-- What you need to do --
Please give all of the data again, character for character, and drop the pictures.

-- Exercise data --
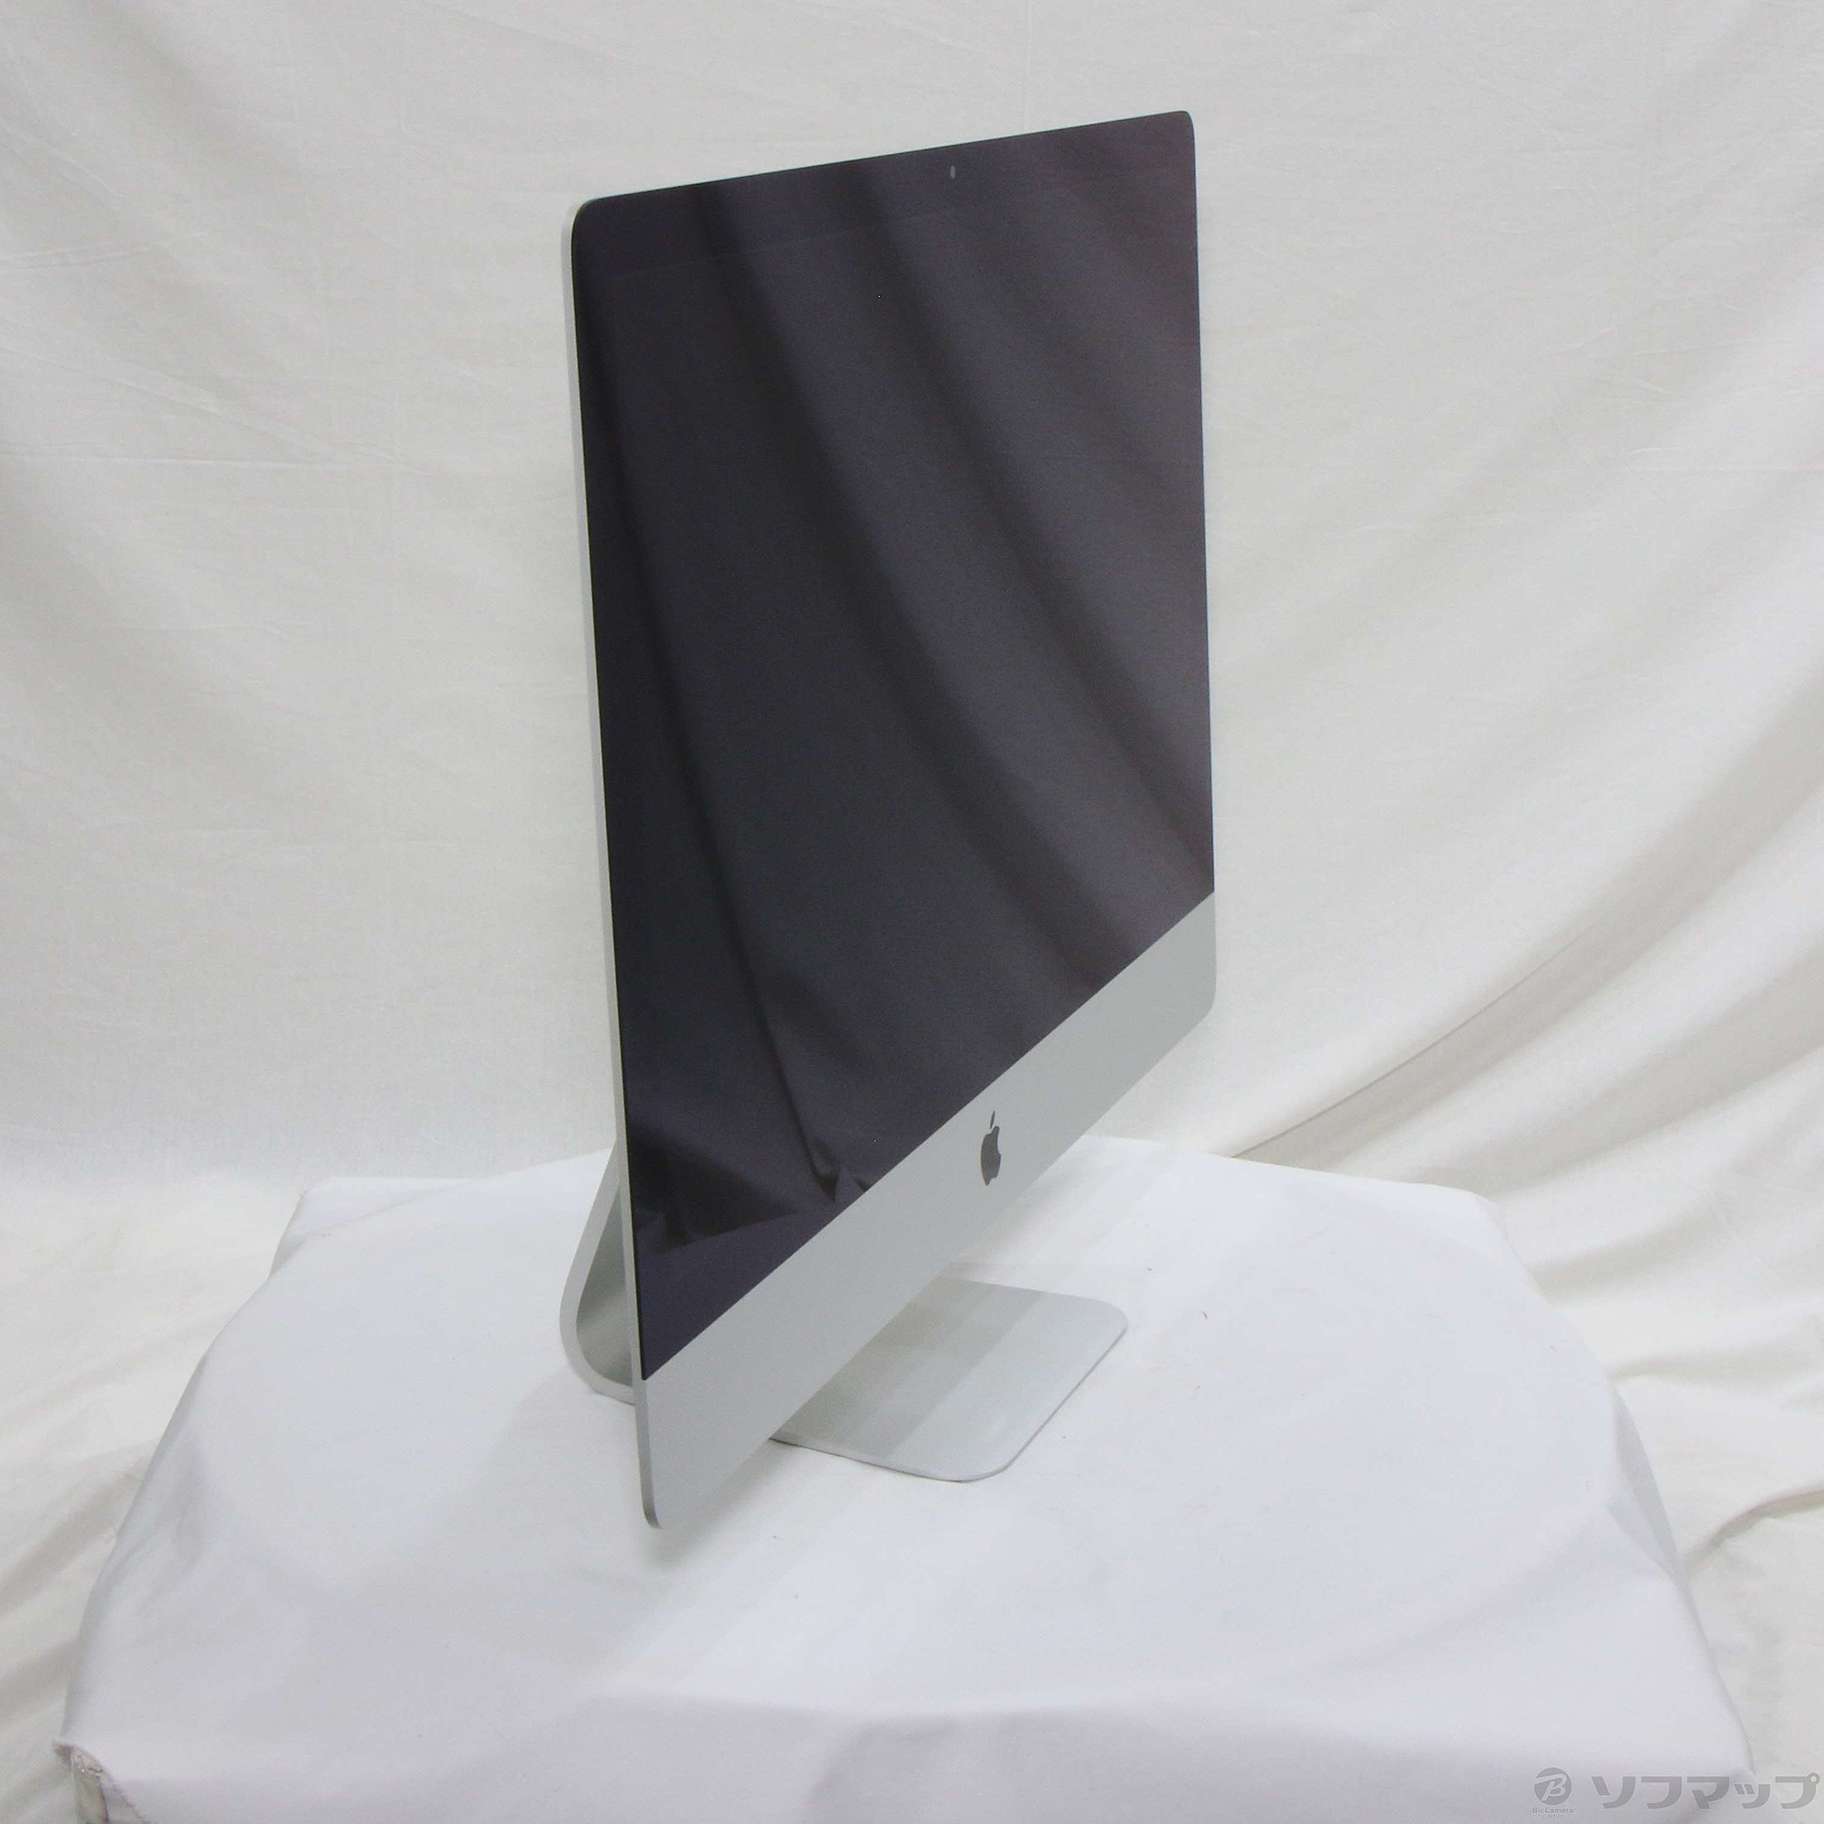 中古】iMac 27-inch Late 2013 MF125J／A Core_i7 3.5GHz 32GB
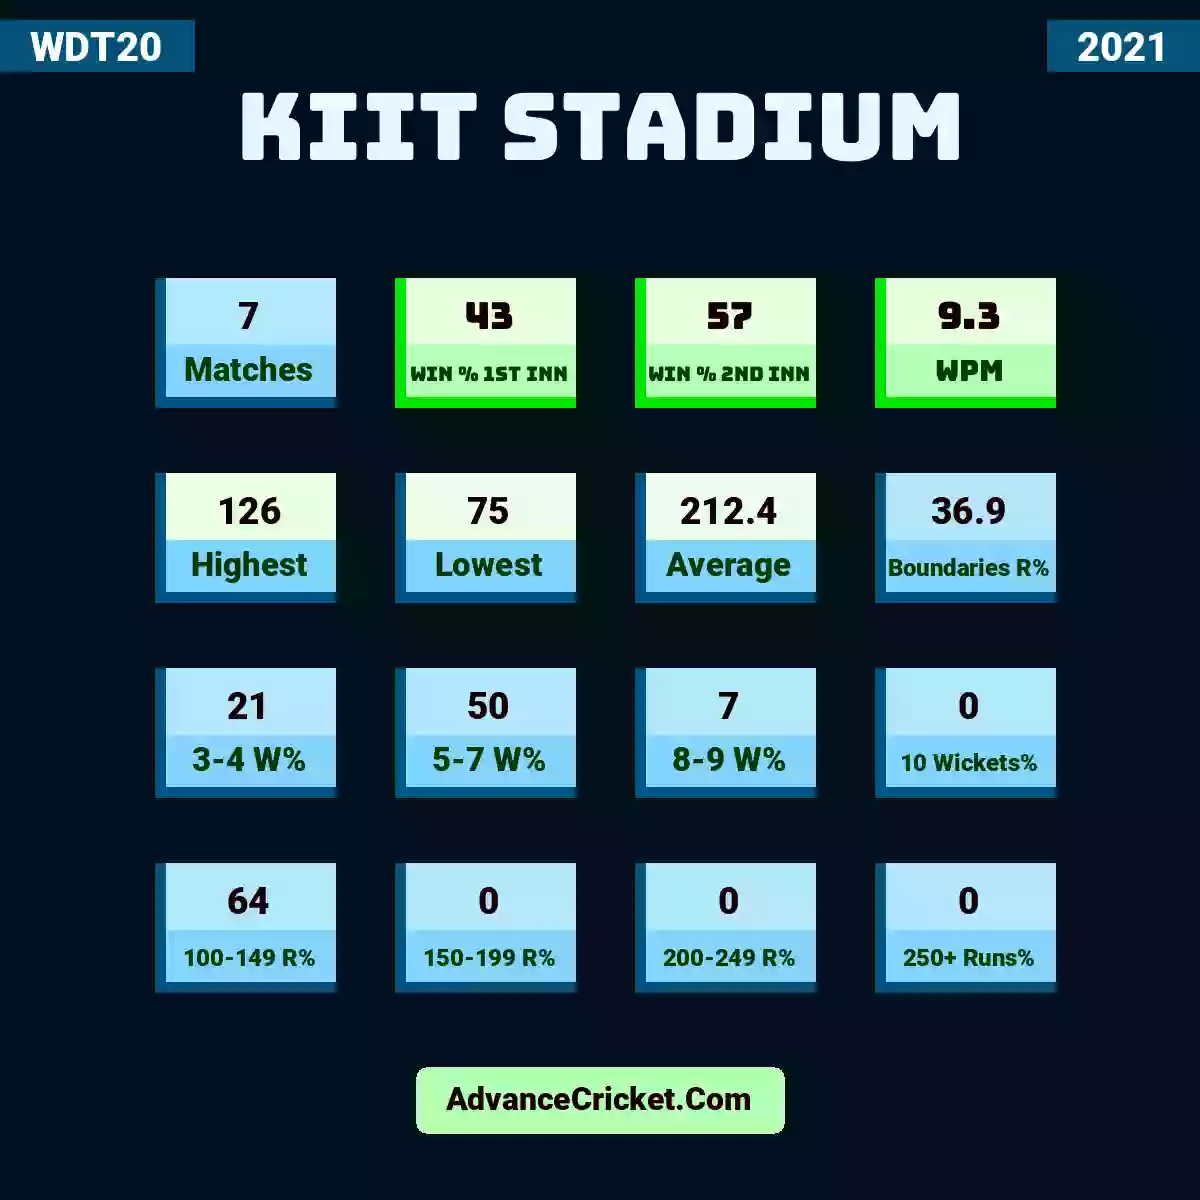 Image showing KIIT Stadium with Matches: 7, Win % 1st Inn: 43, Win % 2nd Inn: 57, WPM: 9.3, Highest: 126, Lowest: 75, Average: 212.4, Boundaries R%: 36.9, 3-4 W%: 21, 5-7 W%: 50, 8-9 W%: 7, 10 Wickets%: 0, 100-149 R%: 64, 150-199 R%: 0, 200-249 R%: 0, 250+ Runs%: 0.
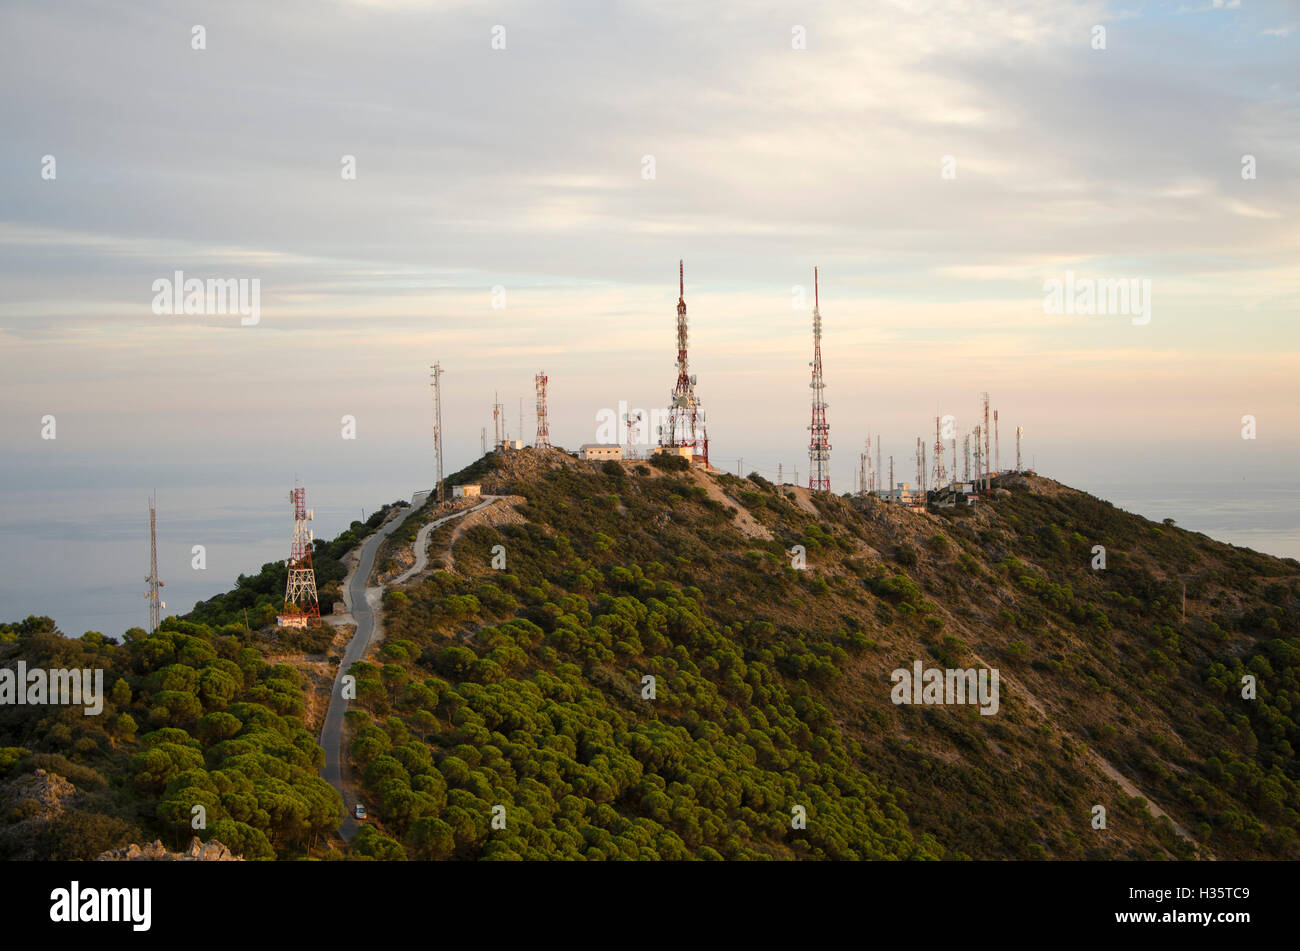 Kommunikation-Masten, Antennen, Antennen oben Mijas Costa Del Sol, Provinz Malaga, Spanien. Stockfoto
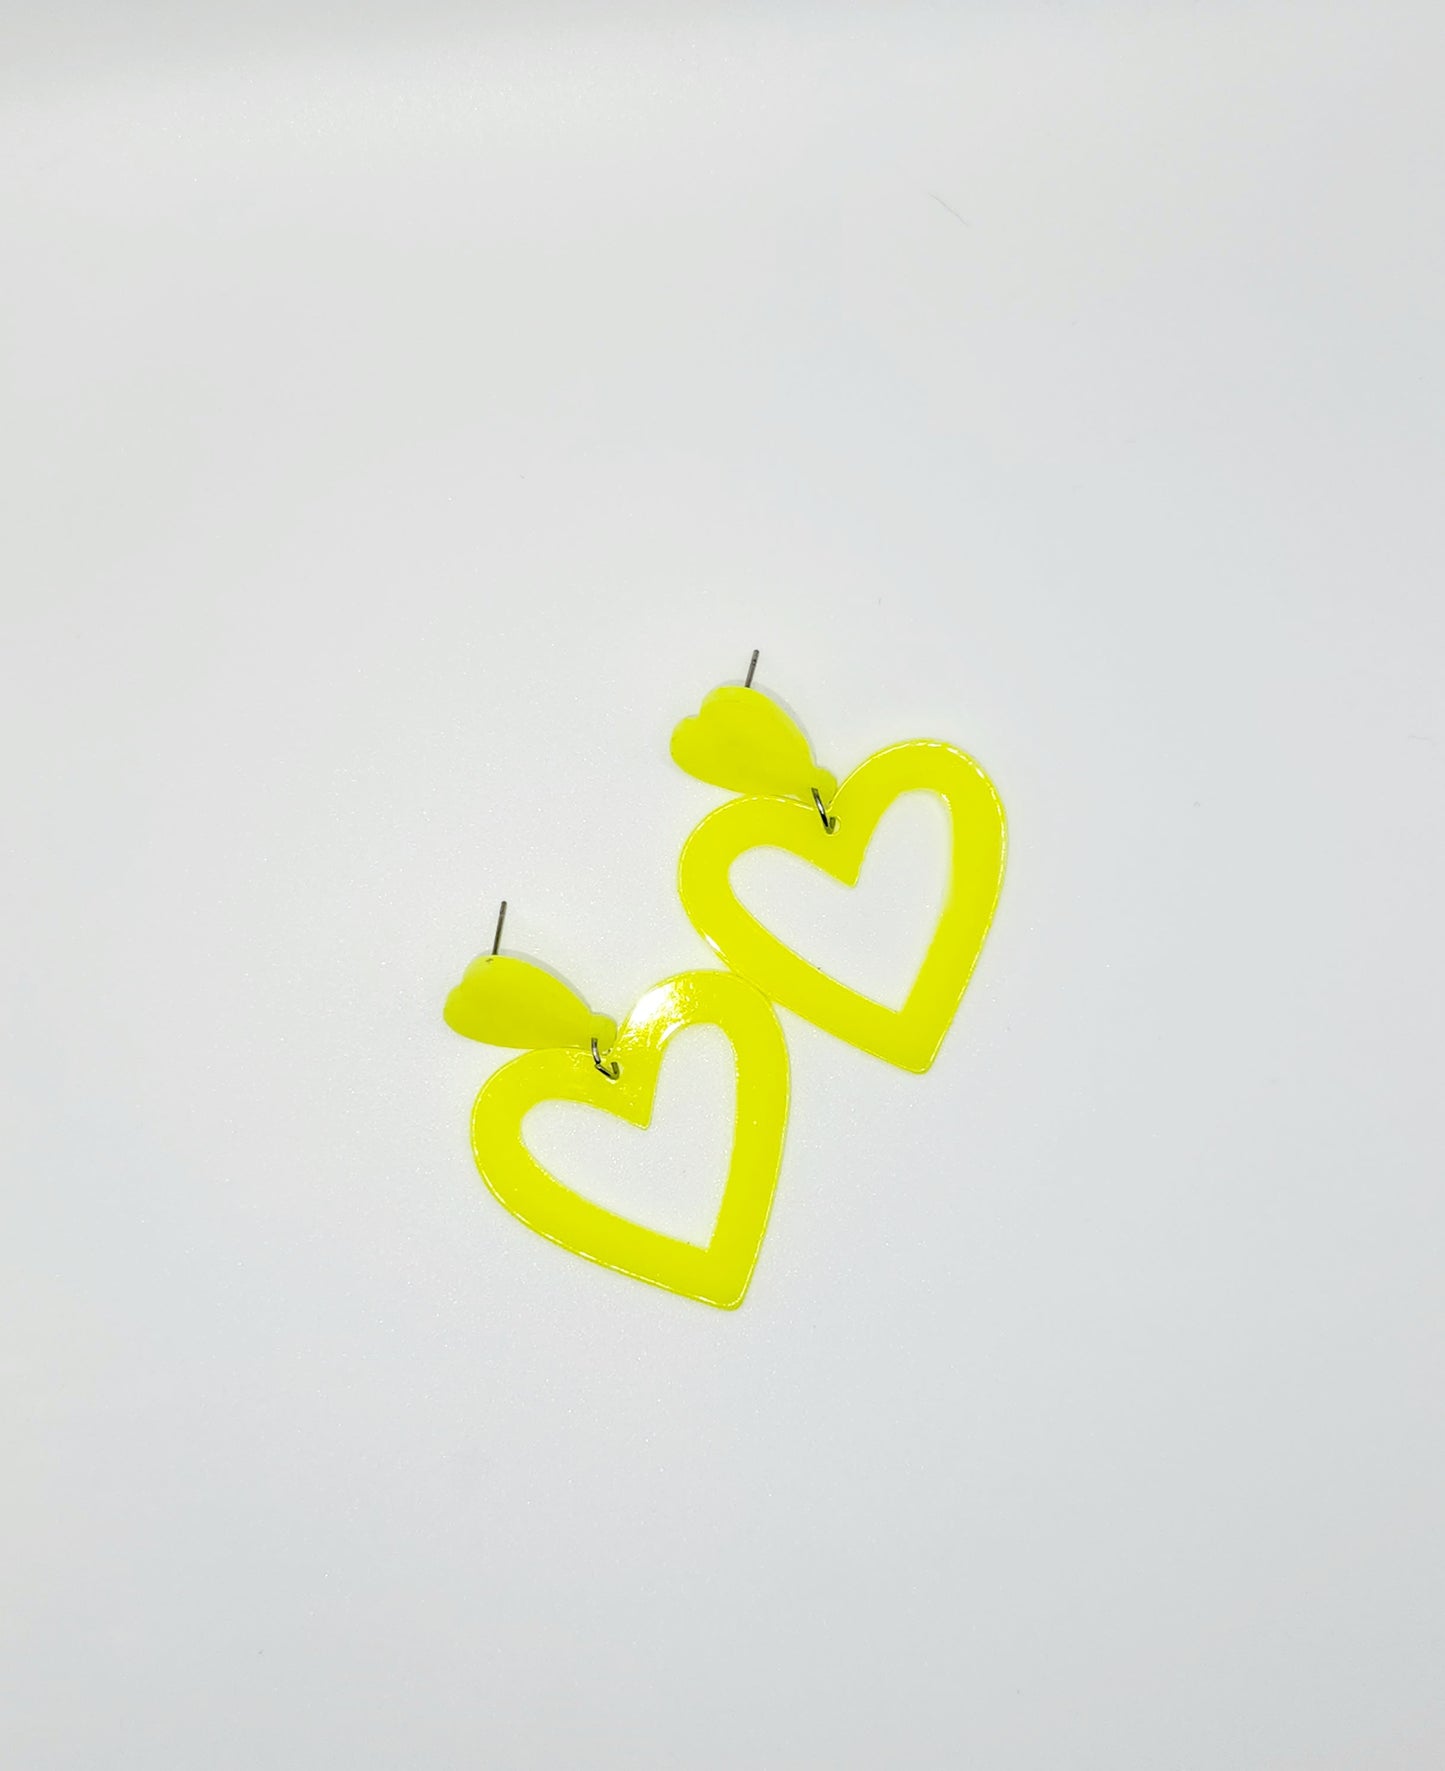 Neon Yellow Hearts

-- Result for this task --
 中古】iMac 27-inch Late 2013 MF125J／A Core_i7 3.5GHz 32GB
 Image showing KIIT Stadium with Matches: 7, Win % 1st Inn: 43, Win % 2nd Inn: 57, WPM: 9.3, Highest: 126, Lowest: 75, Average: 212.4, Boundaries R%: 36.9, 3-4 W%: 21, 5-7 W%: 50, 8-9 W%: 7, 10 Wickets%: 0, 100-149 R%: 64, 150-199 R%: 0, 200-249 R%: 0, 250+ Runs%: 0.
 Kommunikation-Masten, Antennen, Antennen oben Mijas Costa Del Sol, Provinz Malaga, Spanien. Stockfoto
 Neon Yellow Hearts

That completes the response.